Illustration of an overwhelmed Product Manager surrounded by deadlines, scattered research, and a late-stage review

Research

Listening before designing.

Competitive analysis

Existing AI tools like ChatGPT and Notion AI lack Amazon-specific customer data, CX-defect knowledge, and Working Backwards principles. External tools operate as isolated chatboxes that require constant manual context transfer.

PM interviews — 5 participants

  • PMs wanted risks incorporated directly into PRFAQs, not post-generation rewrites
  • They needed references to existing Amazon solutions and implementations
  • They asked for clearer priority, ownership, and actionability behind identified risks
  • They wanted stakeholder-specific views (Legal, CS, Ops)
  • They wanted deeper insights connected to COEs, incident reports, and mitigation strategies
"I don't want to spend another two hours rewriting the document — help me integrate the risks directly."
Illustration of a PM unsure which experts to consult, with CS, Tech, and CX experts on disconnected islands

Domain expertise lives on disconnected islands — PMs don't know who to consult, or when.

Ideation workshop

Cross-functional sessions with PMs, TPMs, and Tech partners revealed that PMs rely on intuition rather than structured customer signals, that insights are scattered across systems, that tools feel reactive and surface issues too late, and that inconsistent processes produce variable document quality.

Strategy

From a feature to a platform.

We shifted from a narrow "CS-risk predictor" feature to a comprehensive 0→1 AI decision-support platform by reframing the problem and rescoping the product, prioritizing features with a value-complexity matrix, and building a roadmap that balanced near-term feasibility against the long-term vision.

Illustration of a team and a friendly robot reading a large book together

The Solution

A virtual review meeting, on demand.

AI-powered ideation

Users input simple prompts or context; WBAI automatically surfaces customer problems, opportunity spaces, and concept directions — eliminating lengthy chat interactions.

Illustration of an AI robot turning a pile of rough ideas into structured press releases, FAQs, and customer problems on an assembly line

PRFAQ generation

Structured document creation supported by customer personas, CX insights, and expert agent perspectives, built on Amazon's 5 Customer Questions framework.

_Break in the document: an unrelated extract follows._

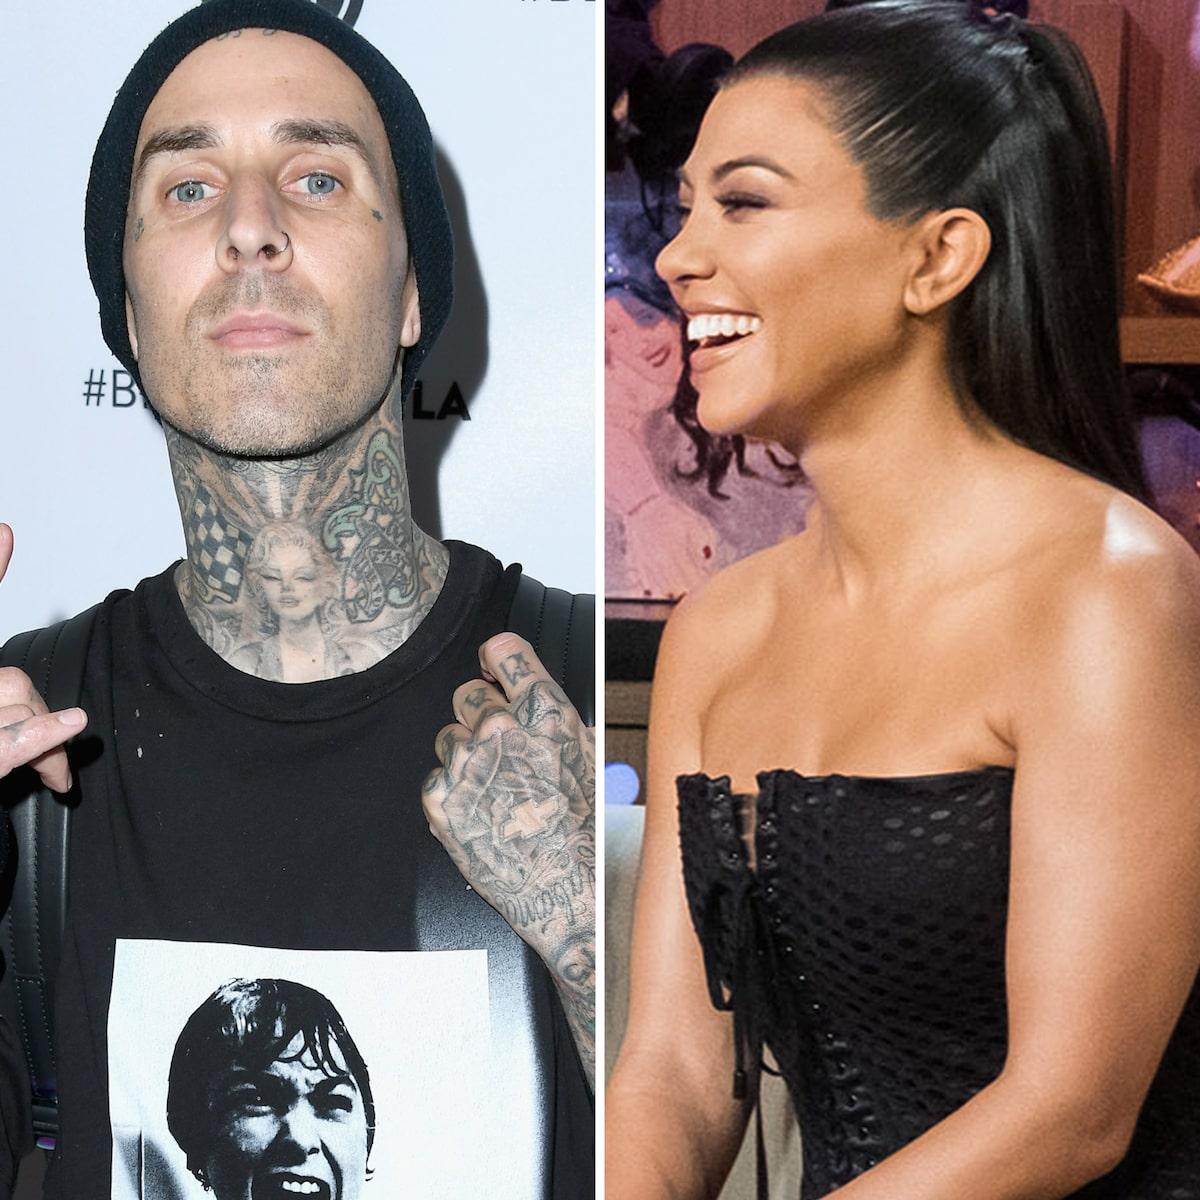 kuwtk-kourtney-kardashian-reportedly-really-likes-travis-barker-inside-their-relationship

Virtual customer feedback engine

Multi-agent orchestration simulates feedback from virtual customers and domain experts. Comments reflect realistic customer reactions to proposed experiences, making abstract risks concrete and highlighting blind spots early.

Illustration of a PM at a laptop receiving feedback from an AI agent on CX risks, feasibility concerns, domain experts, and unmet needs

Document workspace

An end-to-end experience supporting ideation, generation, refinement, and collaboration — with agent-based commenting, version control, export, and stakeholder-specific views and filters.

Working Backwards AI welcome screen on a laptop, with Ideate, Write, and Review modes

Outcomes

Launched, adopted, and loved.

1,000+
Amazon PMs onboarded in the first post-launch month
76%
of users said WBAI improved their product ideas
53.5
Net Promoter Score — "Great" category
92.9%
Customer satisfaction — "Excellent"
50–75%
reduction in PRFAQ review-preparation time

Users reported higher confidence in product narratives, faster iteration cycles, and deeper exploration of customer and technical risks — an experience they compared to "having a virtual review meeting." One user noted the tool "picked out three very good risks" that directly influenced roadmap decisions.

Beta testing with 22 senior Product and Program Managers showed WBAI outperforms existing tools by combining Working Backwards rigor with AI-powered speed, while introducing virtual customer and expert feedback capabilities nothing else offers.